France and the Balkan states were adamant that the above clause not apply to Italy should they adhere to the Mediterranean Agreement. These countries did not wish to allow Italy access to their ports.127 The concessions the British made to ensure Italy signed on to the agreement negated the firm stance Eden had been hoping to take against

Italy and were a substantial deviation from the original agreement.128 On September 29th, the initial agreement was amended to bring in the Italians. In essence, the changes to the agreement now meant that, since Italy was denied access to foreign territorial waters, the

French and British would waive their access as well.129

The Nyon Conference demonstrated a deviation from the placating turn British foreign policy towards Italy had taken at the outbreak of the Spanish Civil War. It was the one instance in the three year period of the Spanish Civil War where Britain took firm action against an aggressive power. The results of the Conference, however, were rather limited. Italian submarine attacks had ceased on September 4th, weeks before the Nyon

Conference itself began.130 Shortly after the Mediterranean Agreement was signed,

Franco received two more submarines from Italy. The British again compromised their firm stance when they changed the terms of the agreement to allow Italy to sign on.

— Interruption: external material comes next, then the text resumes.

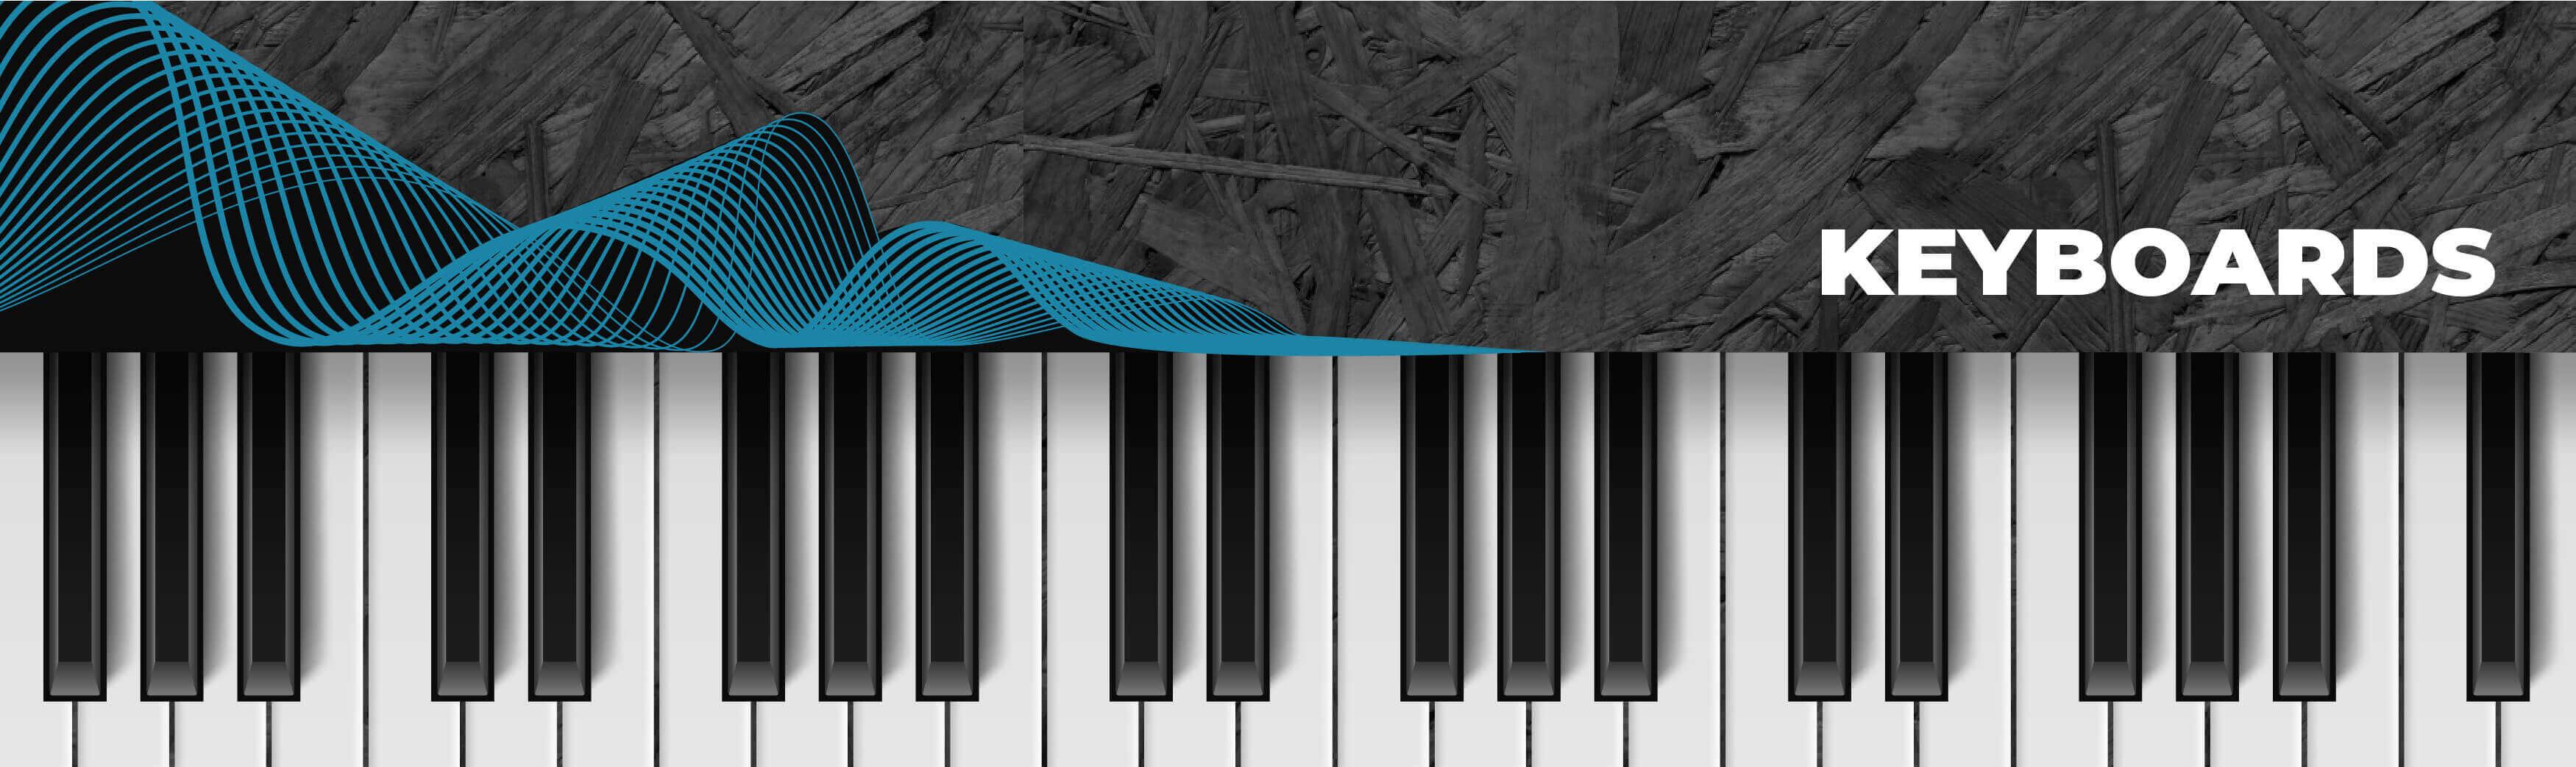 Keyboards for music | Melody House UAE Dubai

127 Edwards, The British Government and the Spanish Civil War, 125. 128 Edwards, The British Government and the Spanish Civil War, 125. 129 Edwards, The British Government and the Spanish Civil War, 125. 130 While the British had broken the Italian naval code, it is not clear whether or not Eden actually knew the Italians had called off the submarine attacks prior to the start of the conference. (Mills, “The Nyon Conference,” 16.)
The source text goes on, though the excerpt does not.